Examples of the controller include but are not limited to the following microprocessors: ARC 625D, Atmel AT91SAM, Microchip PIC18F26K20, and Silicone Labs C8051F320. The memory controller can also be implemented as a part of the control logic of the memory. A person skilled in the art also knows that, in addition to implementing the controller by using only the computer-readable program code, logic programming can be performed on method steps to enable the controller to implement the same function in forms of the logic gate, the switch, the application-specific integrated circuit, the programmable logic controller, the embedded microcontroller, etc. Therefore, the controller can be considered as a hardware component, and an apparatus included in the controller for implementing various functions can also be considered as a structure in the hardware component. Alternatively, the apparatus configured to implement various functions can be considered as both a software module implementing the method and a structure in the hardware component.

The systems, apparatuses, modules, or units described in the above-mentioned embodiments can be specifically implemented by a computer chip or an entity, or can be implemented by a product having a certain function. A typical implementation device is a computer. Specifically, for example, the computer can be a personal computer, a laptop computer, a cellular phone, a camera phone, a smartphone, a personal digital assistant, a media player, a navigation device, an e-mail device, a game console, a tablet computer, a wearable device, or any combination of these devices.

For ease of description, the above-mentioned apparatus is divided into various units based on functions for separate description. Certainly, during implementation of one or more embodiments of this specification, the functions of each unit can be implemented in one or more pieces of software and/or hardware.

A person skilled in the art should understand that the embodiments of this specification can be provided as methods, systems, or computer program products. Therefore, the one or more embodiments of this specification can use a form of hardware only embodiments, software only embodiments, or embodiments with a combination of software and hardware. In addition, one or more embodiments of this specification can use a form of a computer program product that is implemented on one or more computer-usable storage media (including but not limited to a disk memory, a CD-ROM, an optical memory, etc.) that include computer-usable program code.

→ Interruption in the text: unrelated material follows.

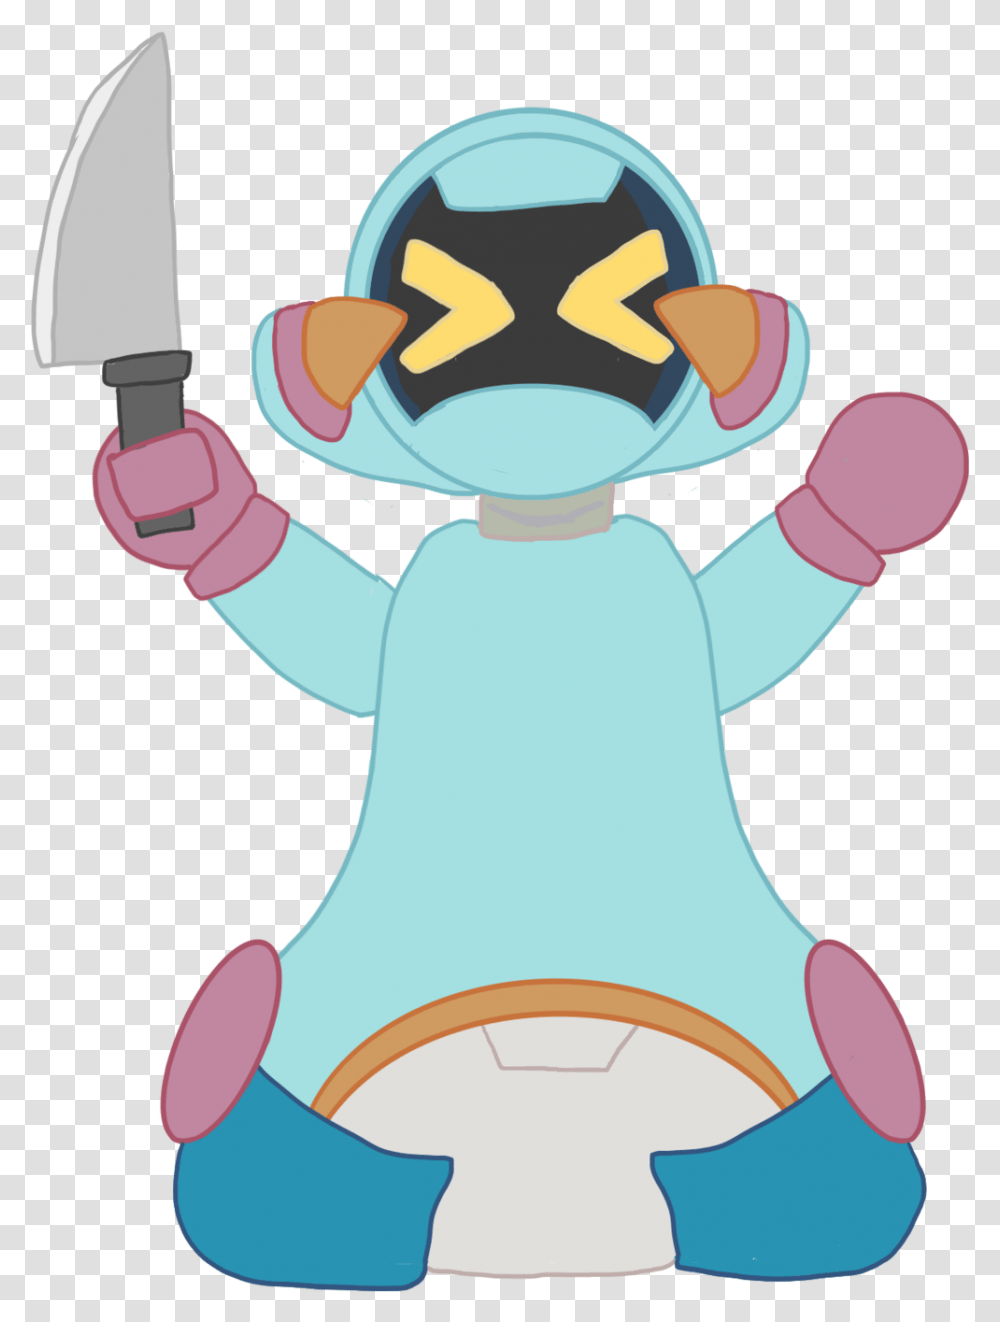 Master Has Given Roboppy A Knife Cartoon, Animal, Blade, Weapon, Weaponry Transparent Png

The embodiments of this specification are described with reference to the flowcharts and/or block diagrams of the method, the device (system), and the computer program product according to the embodiments of this specification. It should be understood that computer program instructions can be used to implement each procedure and/or each block in the flowcharts and/or the block diagrams and a combination of a procedure and/or a block in the flowcharts and/or the block diagrams. These computer program instructions can be provided for a general-purpose computer, a dedicated computer, an embedded processor, or a processor of another programmable data processing device to generate a machine, so that the instructions executed by the computer or the processor of the another programmable data processing device generate an apparatus for implementing a specific function in one or more procedures in the flowcharts and/or in one or more blocks in the block diagrams.

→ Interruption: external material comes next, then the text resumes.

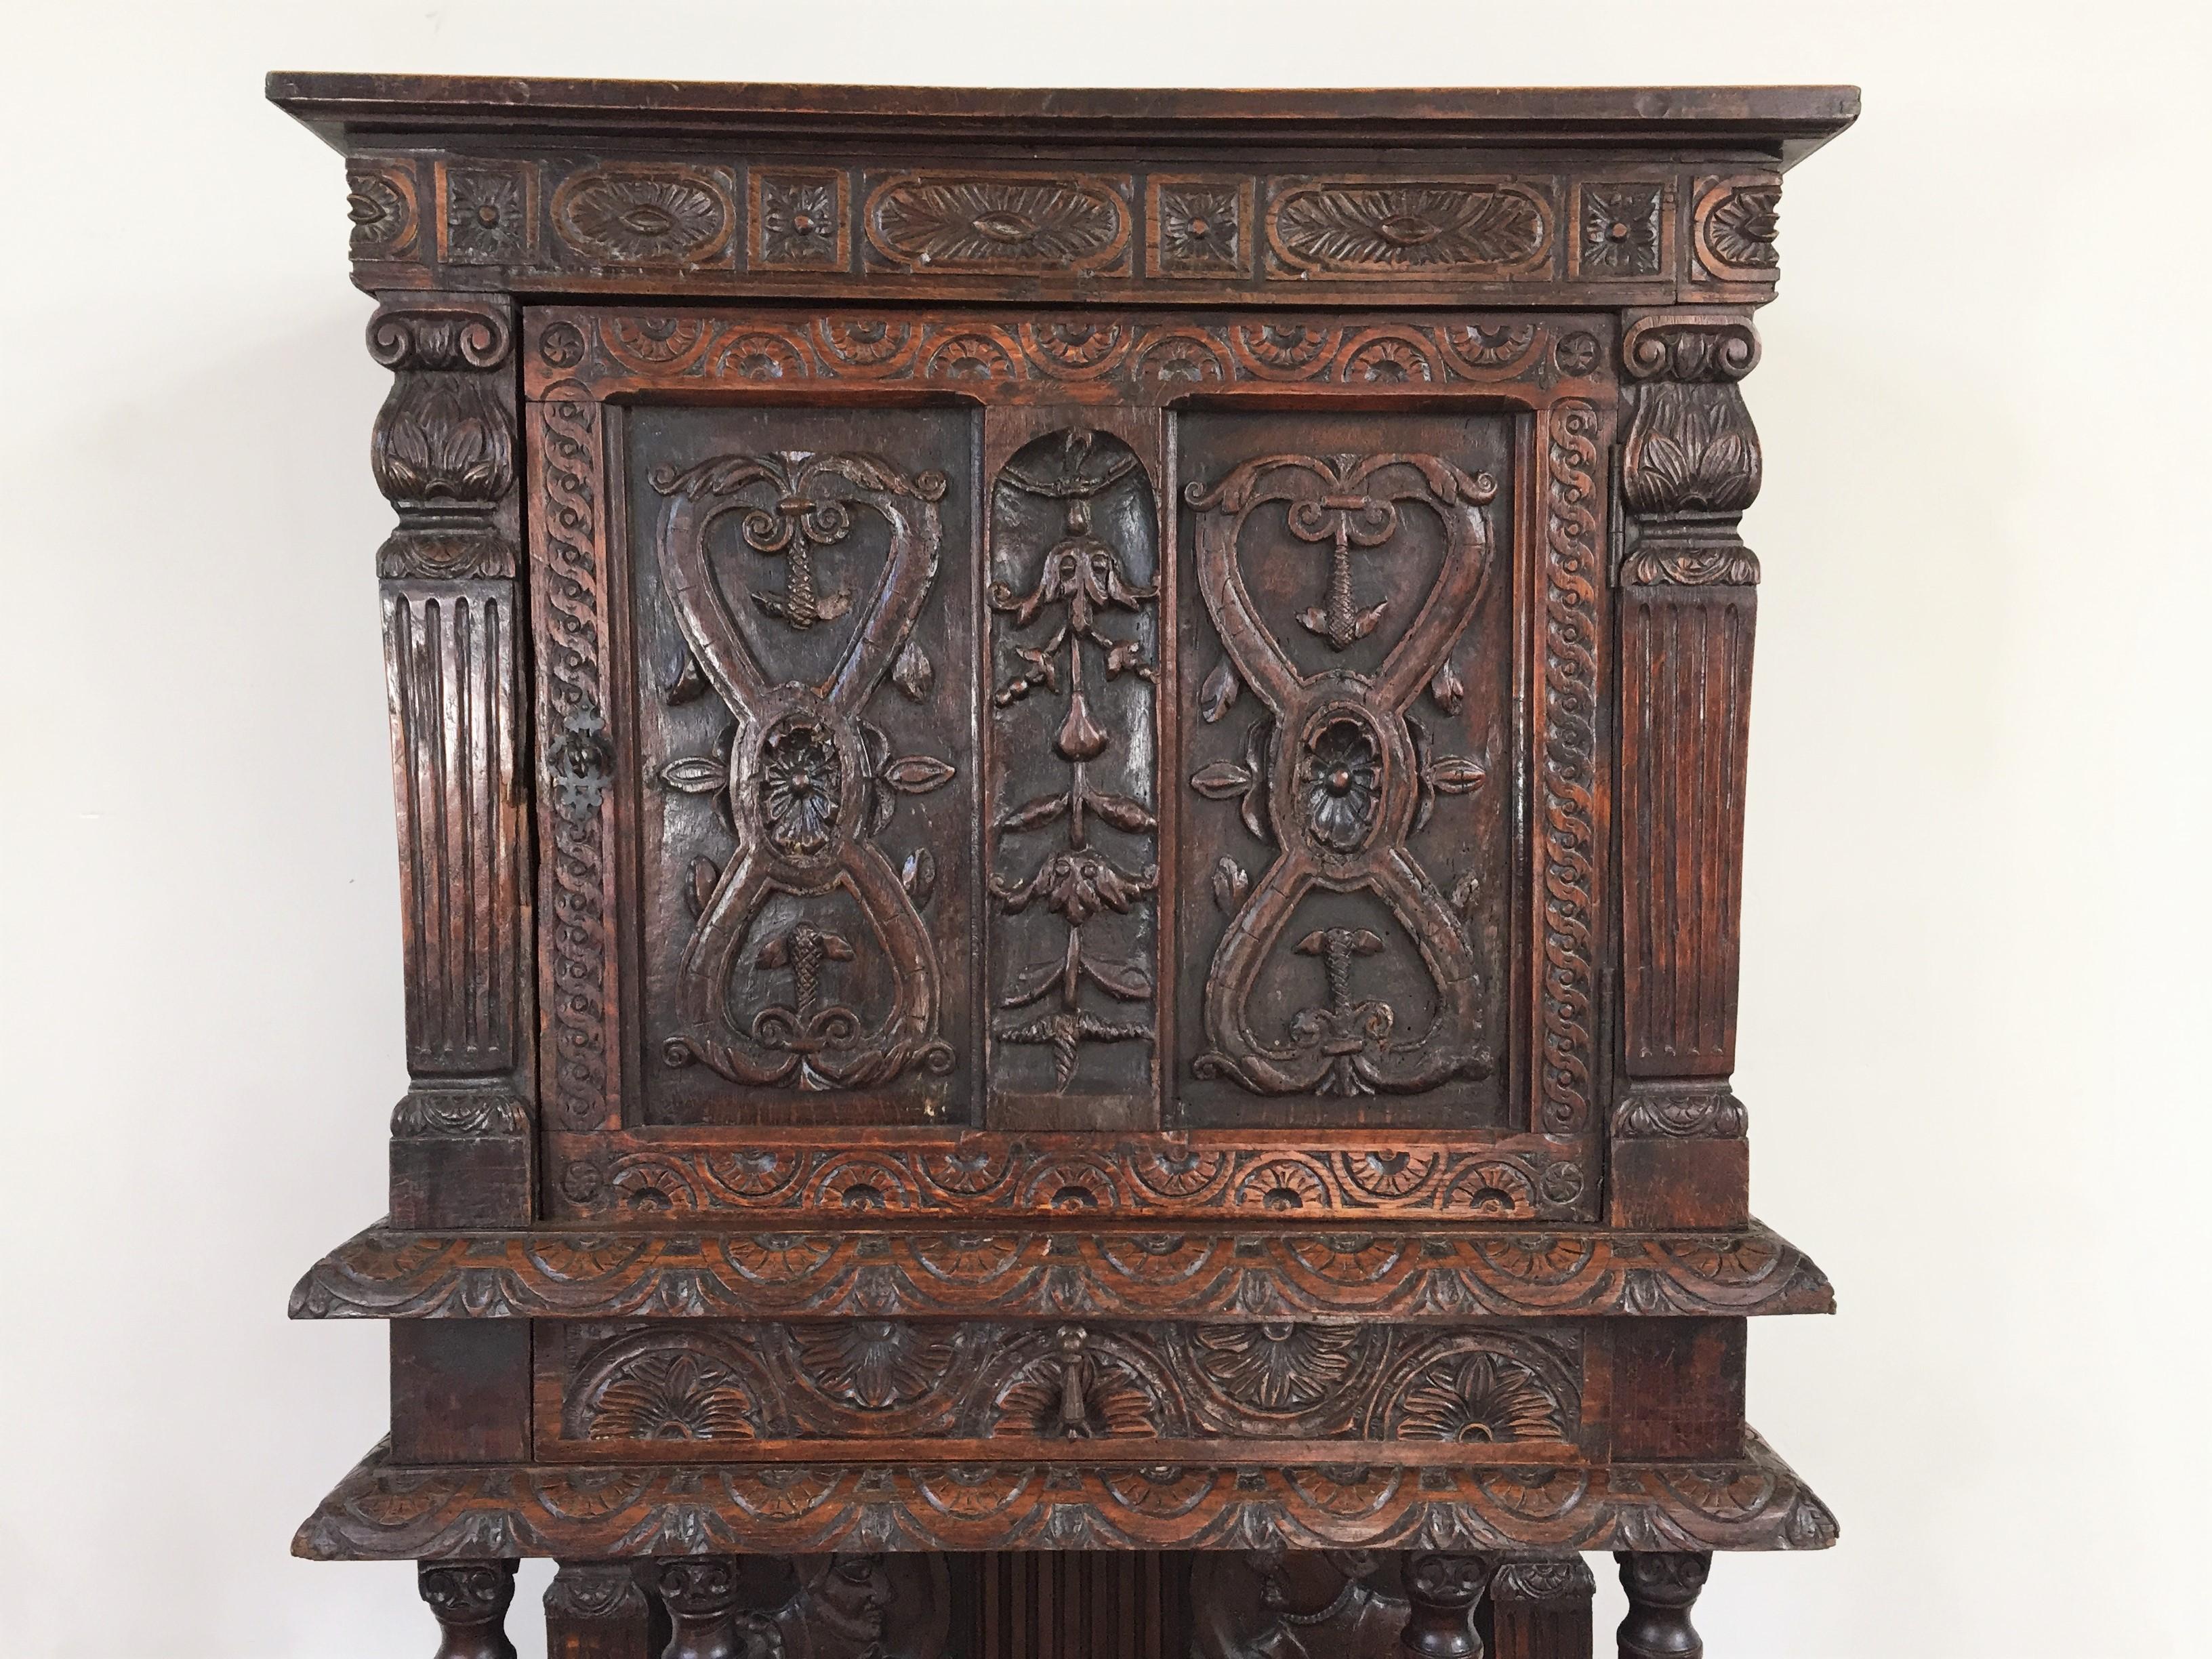 Beautiful carved credence cabinet opening at the top with a door and a drawer, with floral decoration and fluted pilasters, supported at the bottom by four fluted columns with Ionic capitals with a paneled background representing

Alternatively, these computer program instructions can be stored in a computer-readable memory that can instruct a computer or another programmable data processing device to work in a specific way, so that the instructions stored in the computer-readable memory generate an artifact that includes an instruction apparatus. The instruction apparatus implements a specific function in one or more procedures in the flowcharts and/or in one or more blocks in the block diagrams.

Alternatively, these computer program instructions can be loaded onto a computer or another programmable data processing device, so that a series of operations and steps are performed on the computer or the another programmable device, to generate computer-implemented processing. Therefore, the instructions executed on the computer or the another programmable device provide steps for implementing a specific function in one or more procedures in the flowcharts and/or in one or more blocks in the block diagrams.

In a typical configuration, a computing device includes one or more processors (CPU), an input/output interface, a network interface, and a memory.

The memory can include a non-persistent memory, a random access memory (RAM), a nonvolatile memory, and/or another form in a computer-readable medium, for example, a read-only memory (ROM) or a flash memory (flash RAM). The memory is an example of the computer-readable medium.

Computer-readable media, including permanent and non-permanent, removable and non-removable media, can implement information storage by any method or technology. The information can be a computer-readable instruction, a data structure, a program module, or other data. Examples of the computer storage medium include but are not limited to a phase change random access memory (PRAM), a static random access memory (SRAM), a dynamic random access memory (DRAM), a random access memory (RAM) of another type, a read-only memory (ROM), an electrically erasable programmable read-only memory (EEPROM), a flash memory or another memory technology, a compact disc read-only memory (CD-ROM), a digital versatile disc (DVD), or another optical storage, a cassette, a cassette magnetic disk storage, or another magnetic storage device or any other non-transmission medium. The computer storage medium can be configured to store information that can be accessed by the computing device. Based on the definition in this specification, the computer-readable medium does not include transitory media such as a modulated data signal and carrier.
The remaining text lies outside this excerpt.